Action item
In the entries below, repeat only the lines between those holding "sv tours &travels" and "[Hidemaru] Life with", inclusive. Leave pictures out.

Material provided
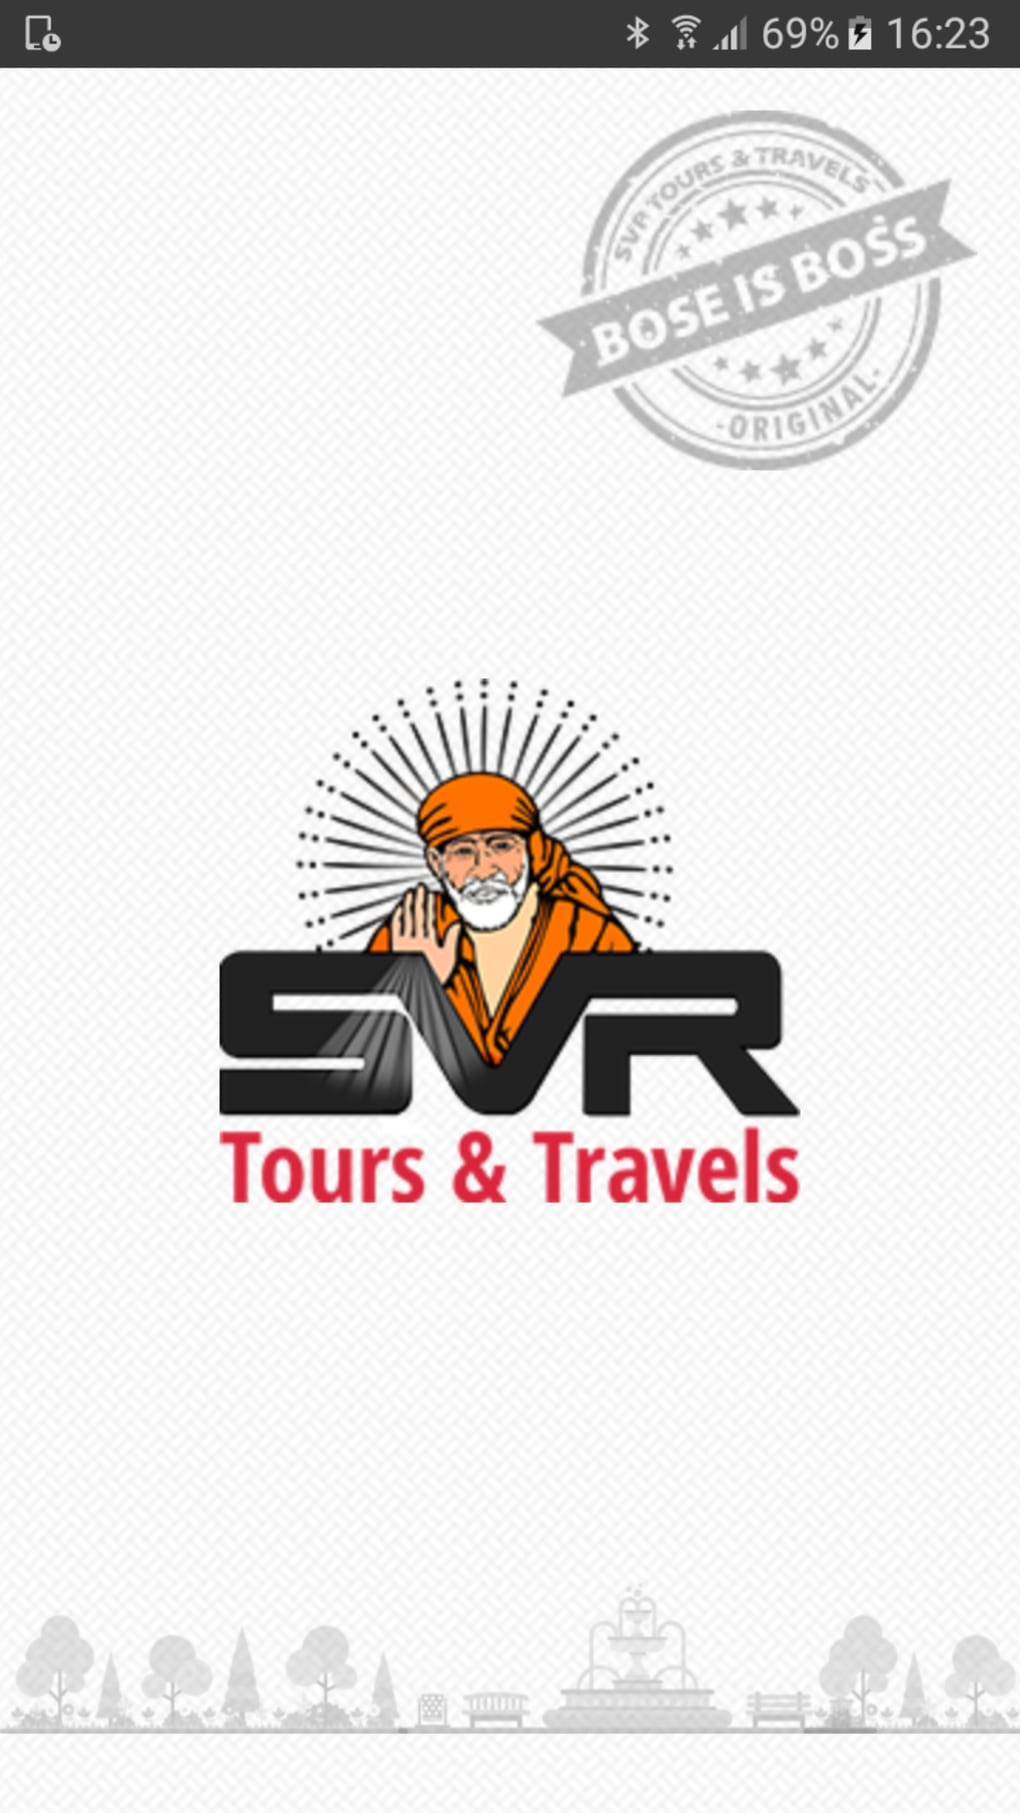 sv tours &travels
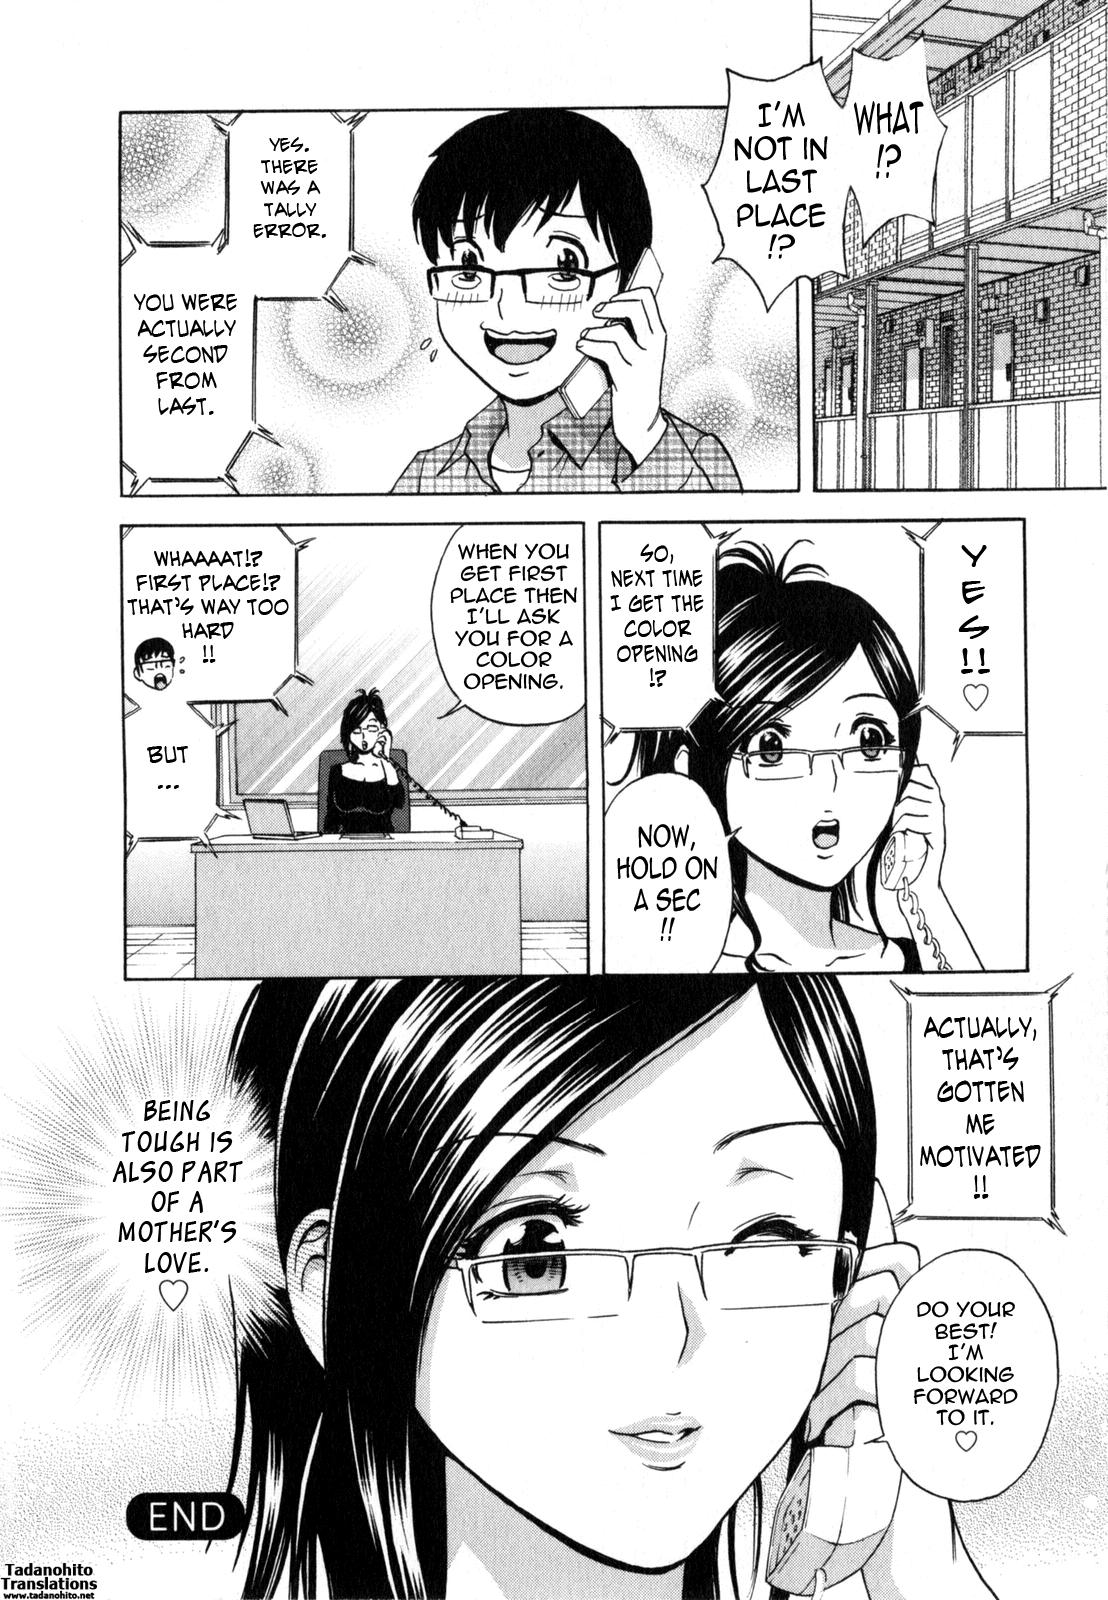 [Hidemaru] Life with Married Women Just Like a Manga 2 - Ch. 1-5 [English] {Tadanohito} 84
--
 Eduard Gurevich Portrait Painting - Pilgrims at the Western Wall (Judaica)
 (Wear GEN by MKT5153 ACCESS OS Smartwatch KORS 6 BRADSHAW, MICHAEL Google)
--
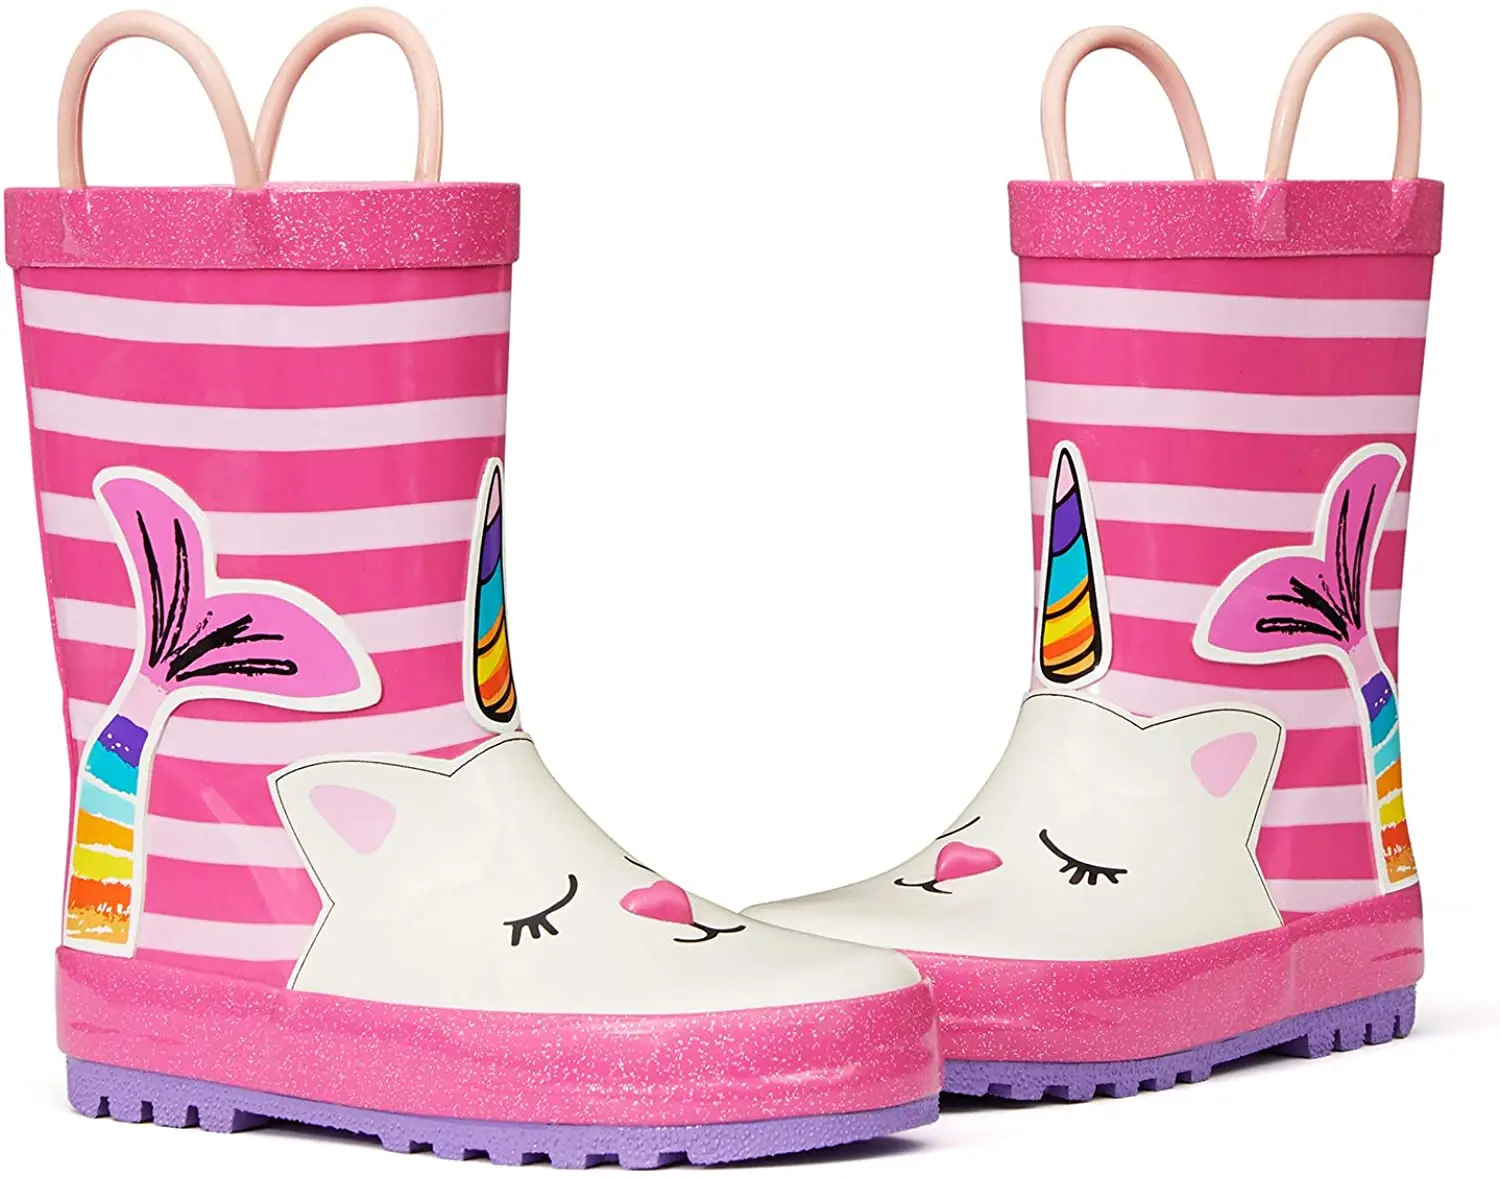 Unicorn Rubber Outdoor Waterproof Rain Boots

Output below
 sv tours &travels
 [Hidemaru] Life with Married Women Just Like a Manga 2 - Ch. 1-5 [English] {Tadanohito} 84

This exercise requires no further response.